O meu peso é a minha balança

Pá, pá. Tiroteio. Pessoas correndo. Menino avião subindo as ladeiras do morro. Boca de fumo. Guerra pelo poder. Crianças respirando entorpecentes e a violência diariamente, armadas com a indiferença da sociedade e com uma pistola 765, onde policial corrompido não é exceção, é regra.

Dentro desse contexto, aparentemente libertino, surge uma nova lei, a lei da favela, que obedece quem pode e segue quem tem juízo. A ordem é matar o inimigo, ou qualquer um que ouse olhar torto para um sujeito armado.

Para os que acreditam no determinismo geográfico, seria impossível pensar que de um ambiente como este pudesse sair algo bom ou alguém de bem. O filme Cidade de Deus, dirigido por Fernando Meirelles e baseado no livro de Paulo Lins, é o relato do dia a dia de uma população que vive às margens da sociedade, dos seus regimentos e das suas preocupações. Sociedade essa, dominante, que se utiliza da indústria cultural para despertar os desejos, o consumo e anseios que a cocaína e o tráfico de armas tornaram reais.

No morro, as leis e a moral são ditadas por Zé Pequeno, um menino que cresceu e que encontrou no tráfico e no crime o seu modo de viver. Em pouco tempo, tomou as bocas de fumo, armou-se e impôs ali, o seu modo de ver o mundo e como o mundo os via. Sua ética pessoal dizia que ele era o lado certo da vida errada. Em Cidade de Deus, a ordem é não cometer furtos dentro da favela. À população dali, oferece-se oportunidades de trabalho rentável: avião, vapor, olheiro, endolador, contador e por fim, gerente da boca. De acordo com o código de conduta vigente na favela, imposto aos moradores, cada barraco era potencialmente um esconderijo de um traficante fugindo da polícia ou de um arquirrival. Para obedecer, não era necessário empunhar a arma na cabeça de ninguém, bastava apenas realizar alguns serviços de interesse geral, enfim, melhoramentos para a comunidade, que todos aceitavam as normas.

Segundo Álvaro Valls, em O que é ética, ele a define como sendo um comportamento adequado aos costumes vigentes. Ora, se um morador recebe um traficante em sua casa, quando este está em fuga, está respeitando os costumes vigentes na favela. Valls afirma ainda que quem se comporta de maneira a divergir dos costumes aceitos e respeitados, estaria no erro. Bem, isso é válido, pelo menos, até que a maioria não adote um comportamento diferente ou que surja um outro traficante ditando normas diversas.

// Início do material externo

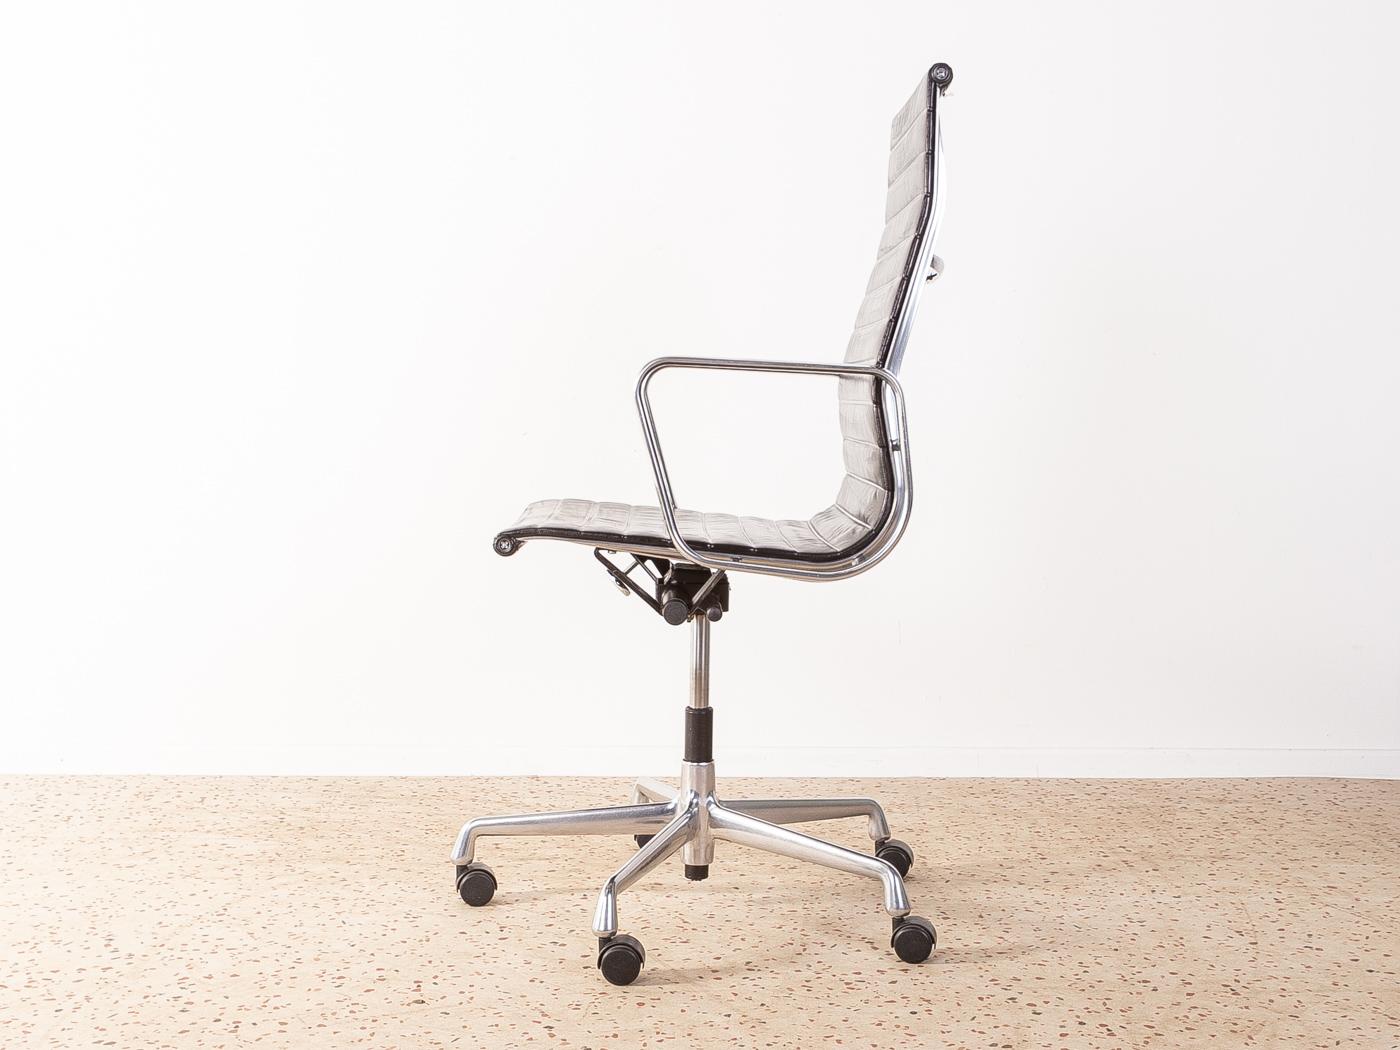 luminum Chair 119 von Charles und Ray Eames für Vitra mit originalem schwarzem Lederbezug. Die Seitenprofile, Armlehnen und Clamps sind aus poliertem Aluminiumdruckguss gefertigt und verchromt. Das Untergestell ist ein 5-Stern-Untergestell mit
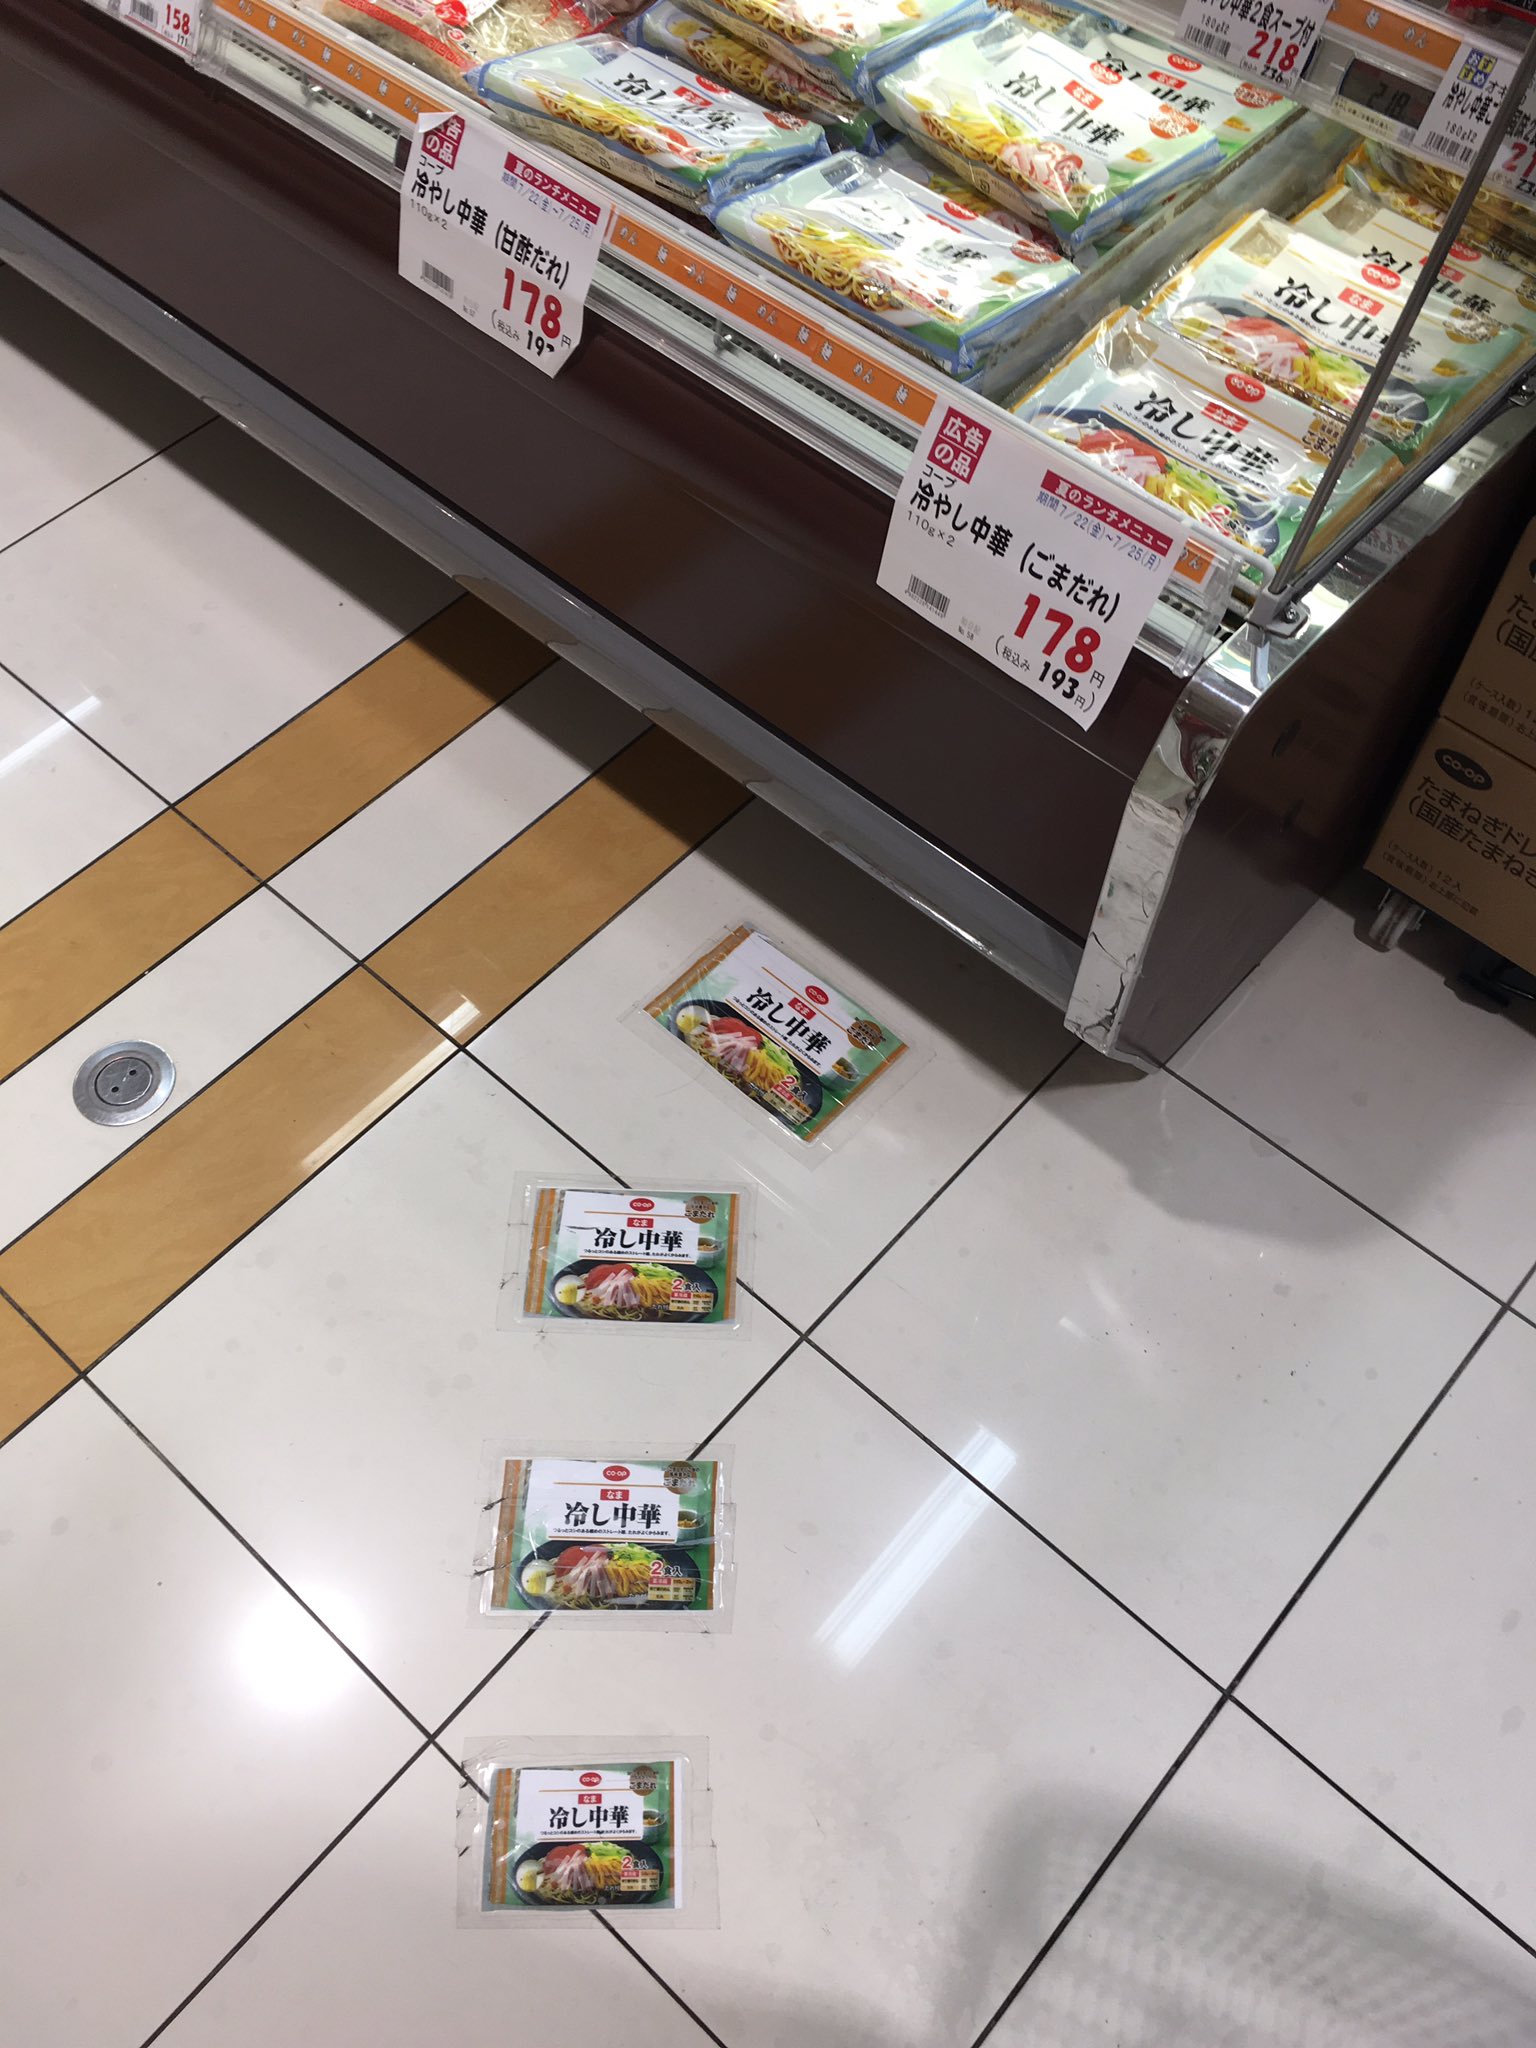 冷やし中華へ誘導するスーパーのおもしろい広告 笑

Há porém aqueles, que embora vivendo neste ambiente, cultivam princípios diferentes dos pregados. Acreditam que apesar de não haver o reconhecimento merecido, o trabalho legal é mais digno que o crime. Dentro desses preceitos, encontra-se Busca Pé. Um rapaz, consumidor de cigarros de maconha, que embora vivendo no meio de tantas barbáries mantinha-se convicto de que o trabalho suado e mal pago era a solução para a sua vida. Mas como continuar acreditando na legalidade, se os direitos de um cidadão comum lhe foram tirados e o que lhe restou foram apenas os deveres?

Busca Pé vivia em constante dilema, vivia angustiado. Angústia essa, descrita por Kierkegaard, aquela que o homem sente diante do mal, mas também a que sente diante do bem, quando preferiu o mal. Se o que angustia é a possibilidade, Busca Pé era um angustiado, um sofredor. A ele foi dada a possibilidade descer o morro, trabalhar no asfalto, em um supermercado e também o de subir e descer o mesmo morro, mas como avião de bandido. O último, certamente lhe seria mais rentável, mas Busca Pé preferiu a outra opção.

Se o menino do morro foi sábio? Platão dizia que o sábio é um homem virtuoso, ou aquele que busca ter uma vida virtuosa , conseguindo a ordem, harmonia e o equilíbrio. Mas ele foi ético? Se eu sou contrária ao tráfico de drogas, não posso aceitar o consumo dessa mesma droga. A ele foi dado o direito de optar. Optar entre o bem e mal. A sua ética pessoal é o seu peso, é a sua balança.